◆ **Data provided**

.....

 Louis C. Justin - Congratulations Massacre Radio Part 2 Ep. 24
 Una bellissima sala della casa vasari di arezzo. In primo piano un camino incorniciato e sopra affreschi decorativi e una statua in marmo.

.....

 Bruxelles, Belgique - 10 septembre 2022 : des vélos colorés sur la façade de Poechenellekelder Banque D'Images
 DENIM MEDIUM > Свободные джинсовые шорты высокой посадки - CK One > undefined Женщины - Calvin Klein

.....

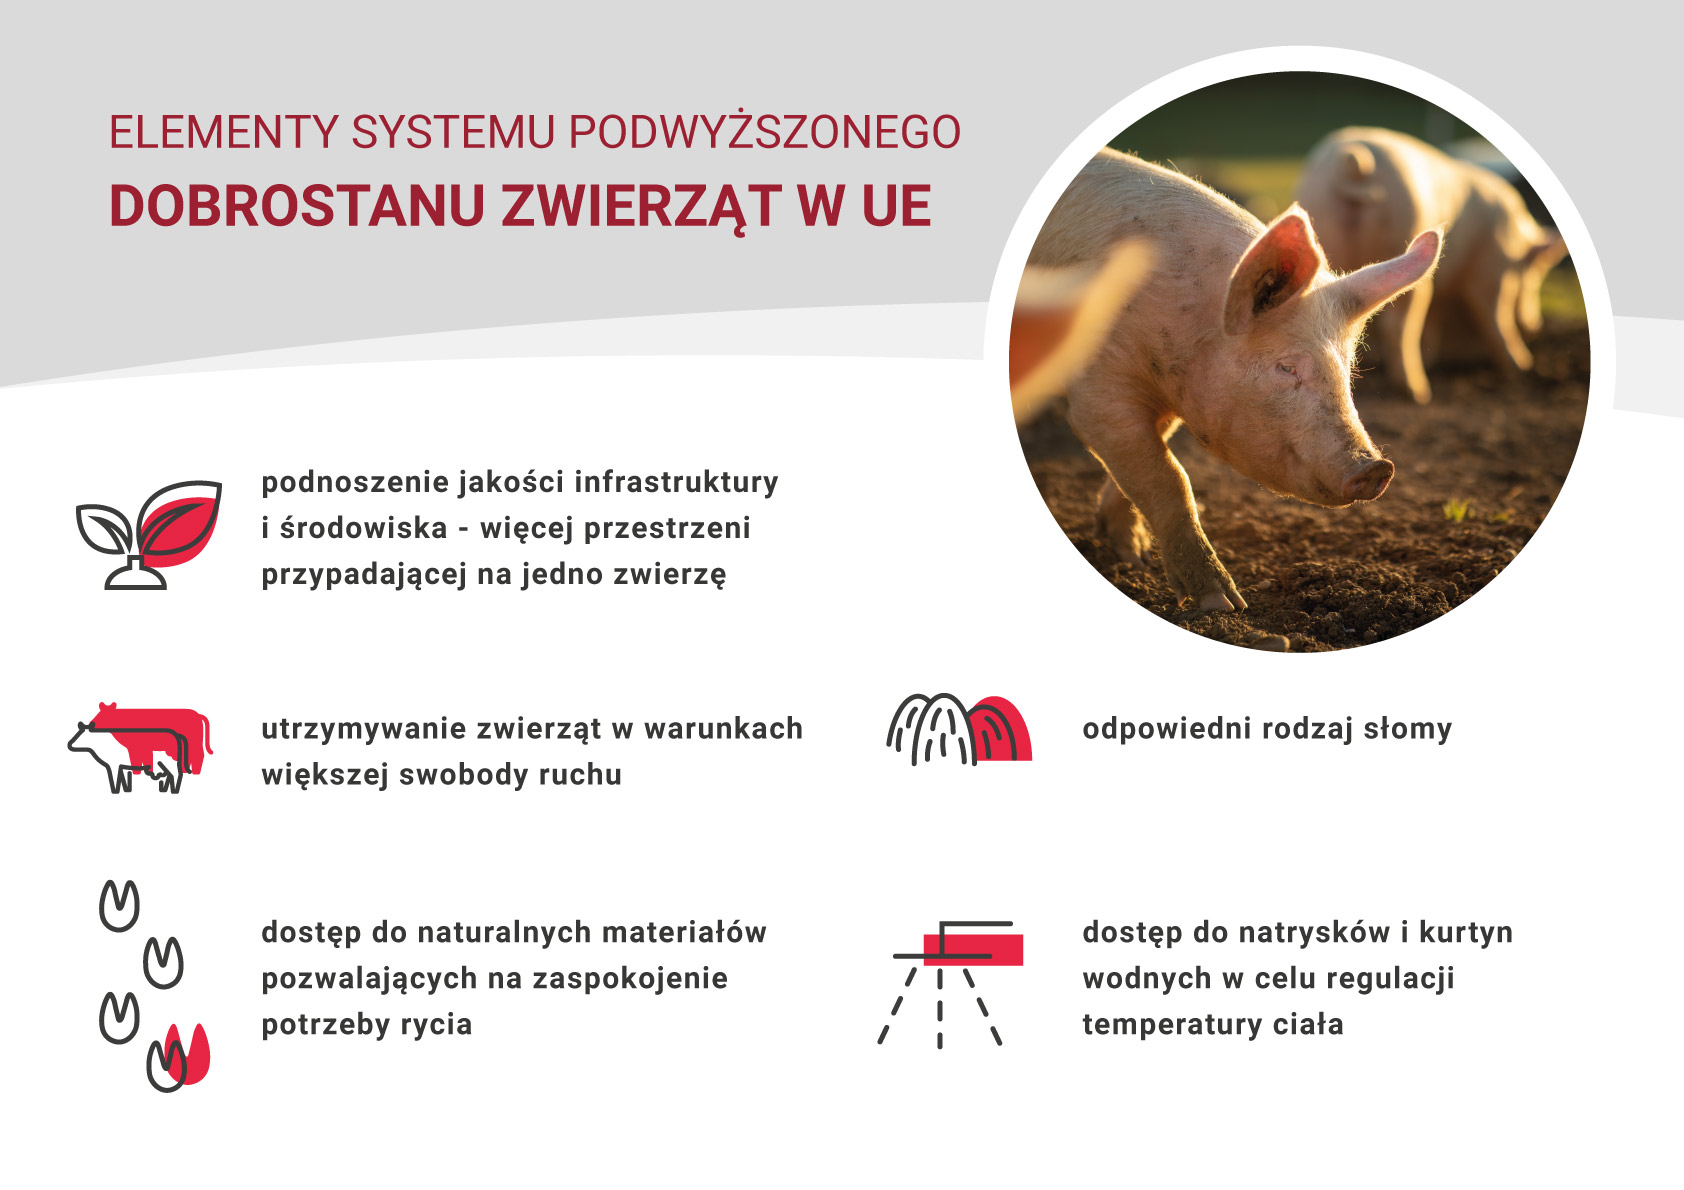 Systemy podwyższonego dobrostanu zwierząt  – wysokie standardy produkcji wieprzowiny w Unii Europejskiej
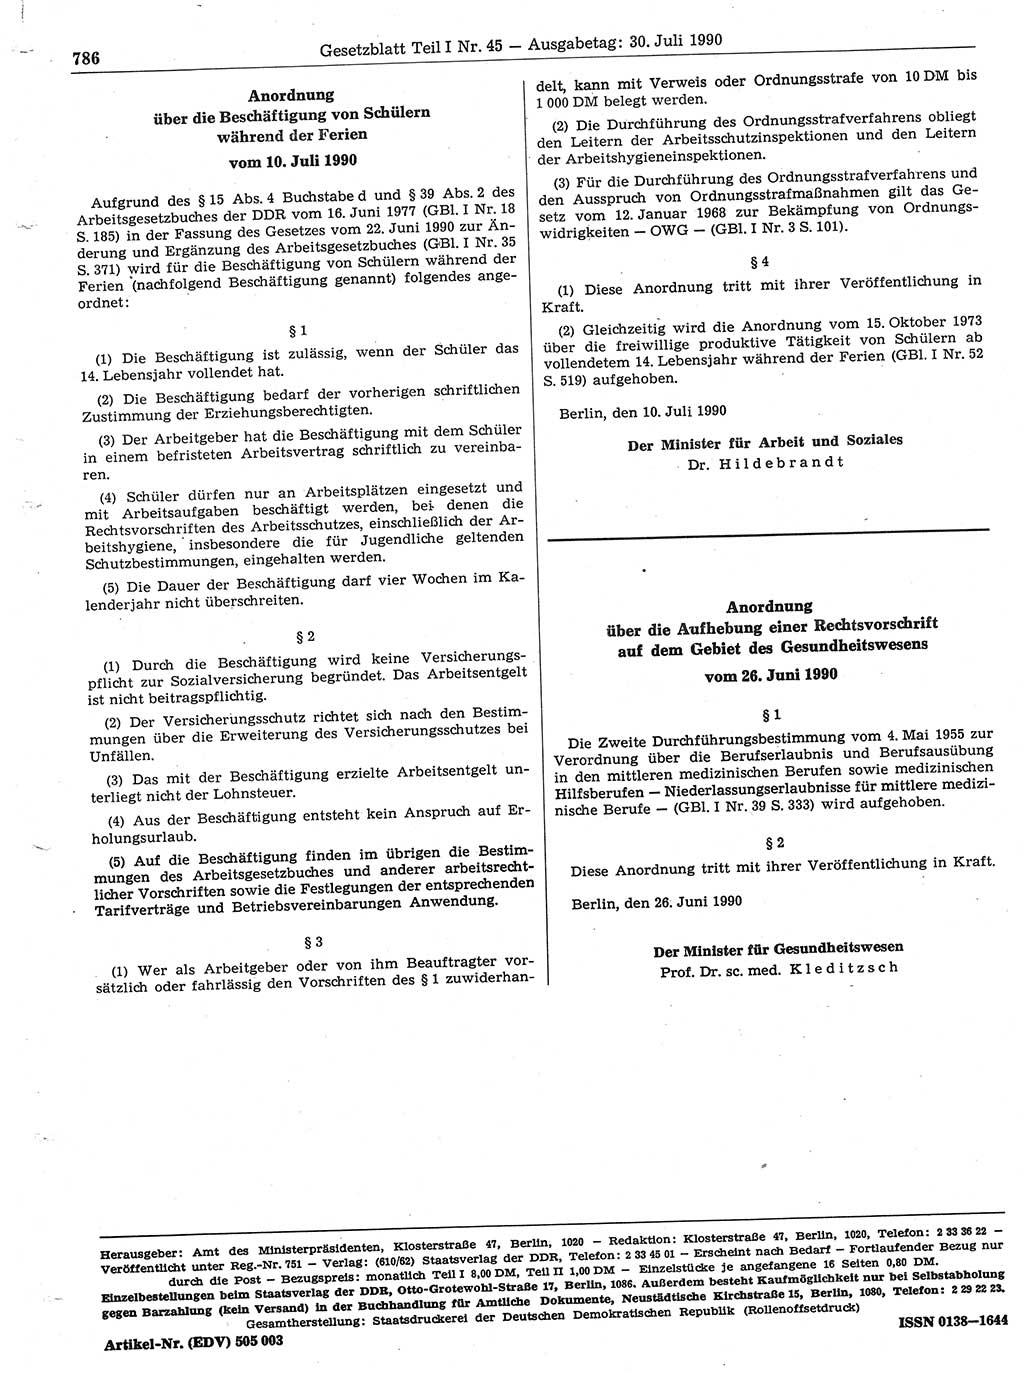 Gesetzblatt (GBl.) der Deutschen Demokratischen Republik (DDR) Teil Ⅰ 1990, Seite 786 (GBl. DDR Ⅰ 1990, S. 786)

.....

◆ **Task**
Copy the lines above exactly, starting with the line that contains "Systemy podwyższonego dobrostanu" and ending with the line that contains "Gesetzblatt (GBl.) der", and leave out any pictures.

◆ **Answer to this exercise**
 Systemy podwyższonego dobrostanu zwierząt  – wysokie standardy produkcji wieprzowiny w Unii Europejskiej
 Gesetzblatt (GBl.) der Deutschen Demokratischen Republik (DDR) Teil Ⅰ 1990, Seite 786 (GBl. DDR Ⅰ 1990, S. 786)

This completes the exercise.